INPUT:

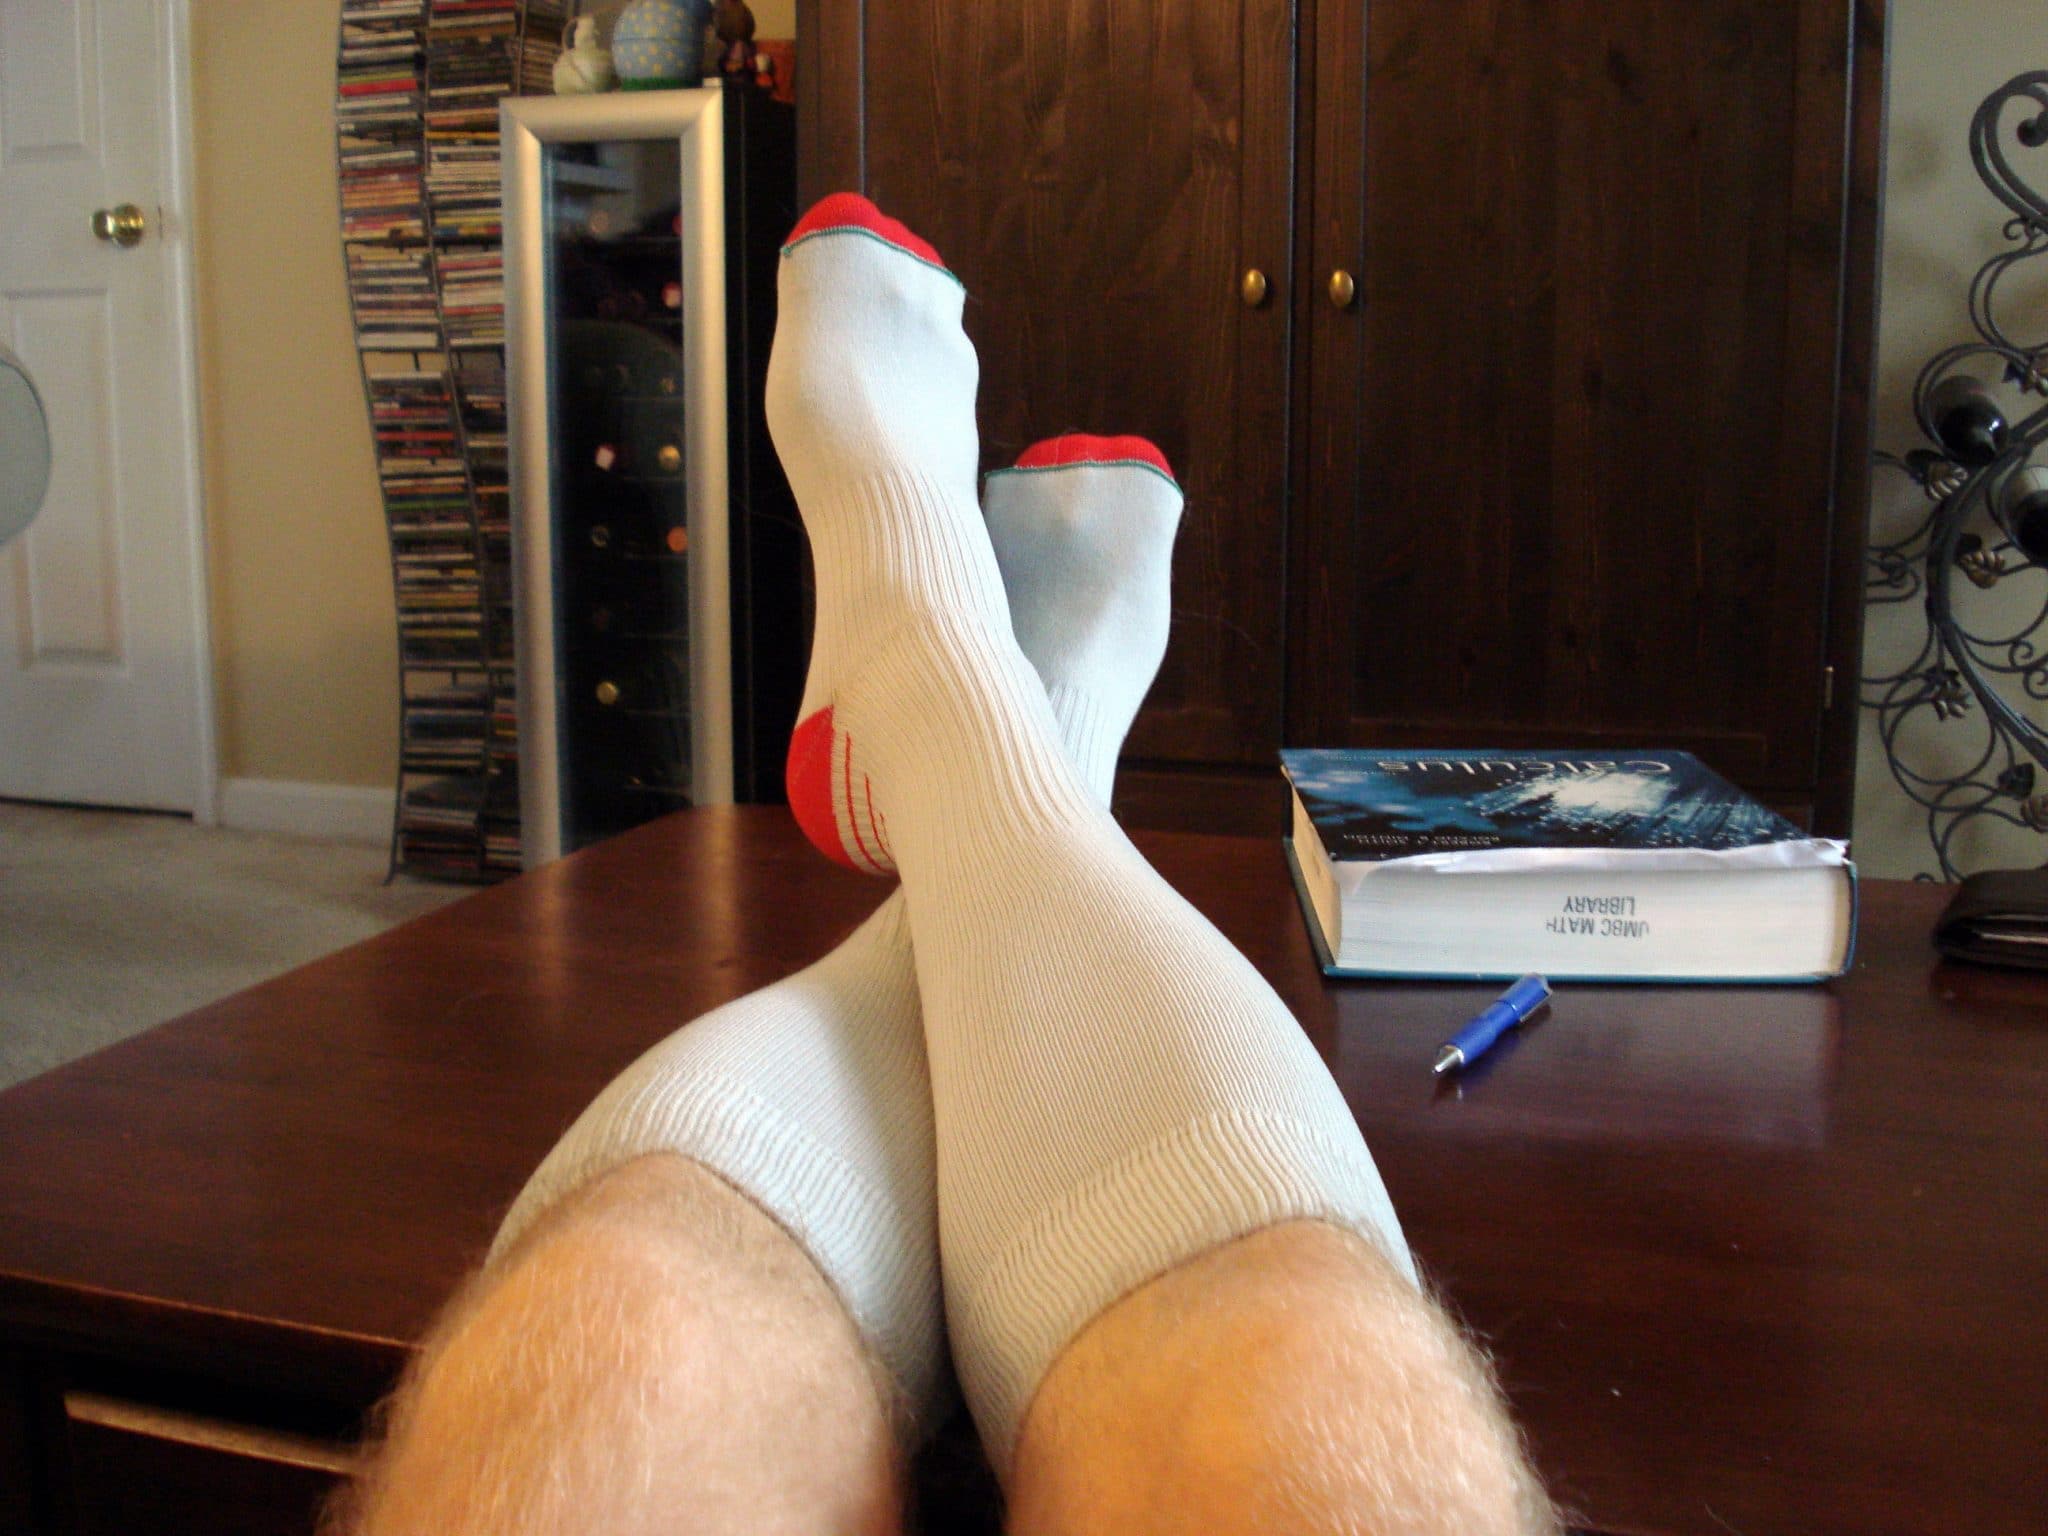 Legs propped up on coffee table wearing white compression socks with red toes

==

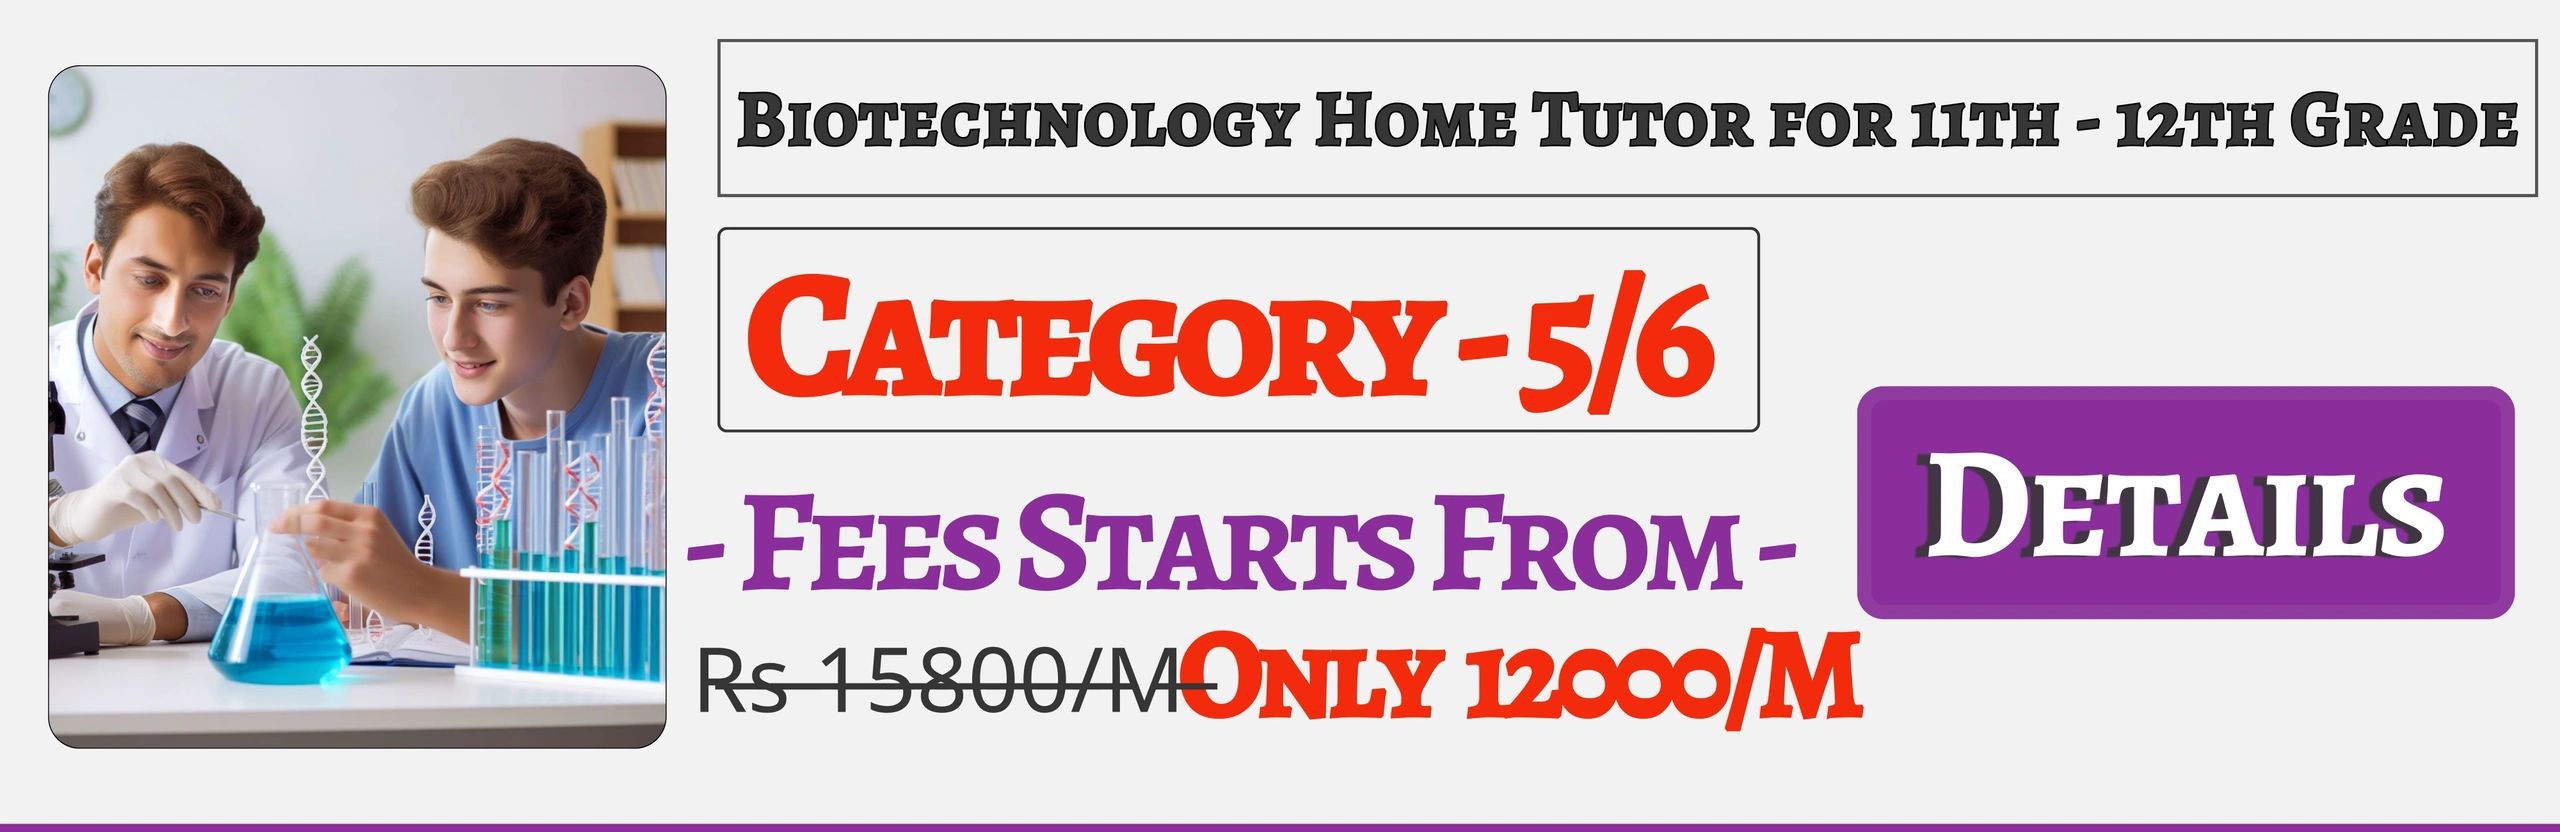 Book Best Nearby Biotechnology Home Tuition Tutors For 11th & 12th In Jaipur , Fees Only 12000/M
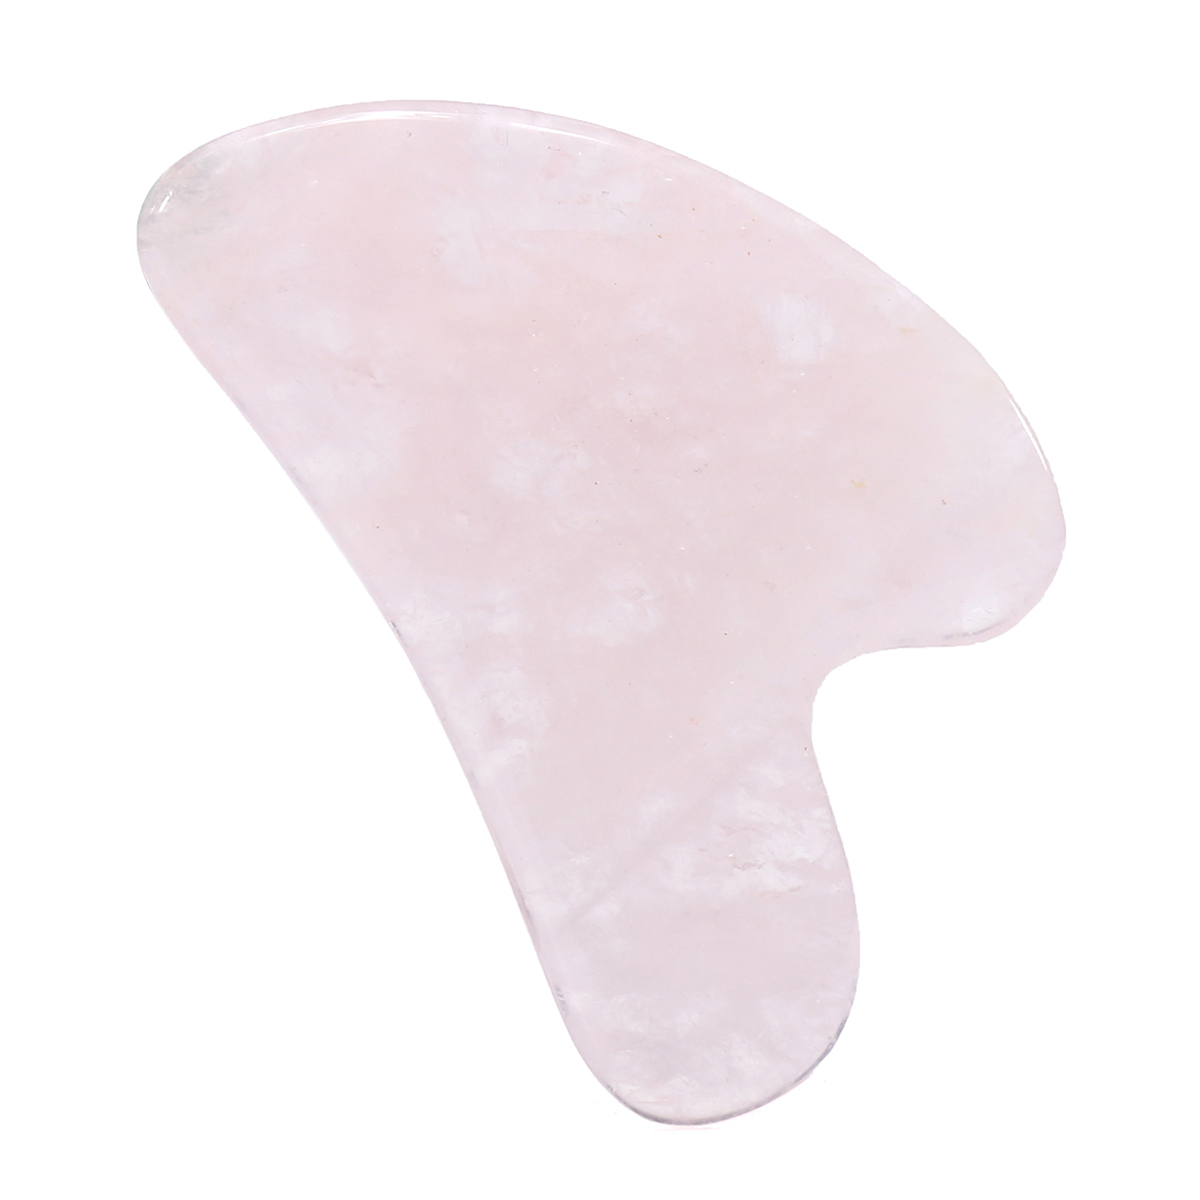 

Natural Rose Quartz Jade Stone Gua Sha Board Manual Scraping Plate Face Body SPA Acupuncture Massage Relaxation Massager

WHAT IS NEEDED:
Copy exactly the material above from the line with "Book Best Nearby" to the line with "Natural Rose Quartz", ends included, and nothing else. Leave out any picture.

SOLUTION TO THIS EXERCISE:
 Book Best Nearby Biotechnology Home Tuition Tutors For 11th & 12th In Jaipur , Fees Only 12000/M

Natural Rose Quartz Jade Stone Gua Sha Board Manual Scraping Plate Face Body SPA Acupuncture Massage Relaxation Massager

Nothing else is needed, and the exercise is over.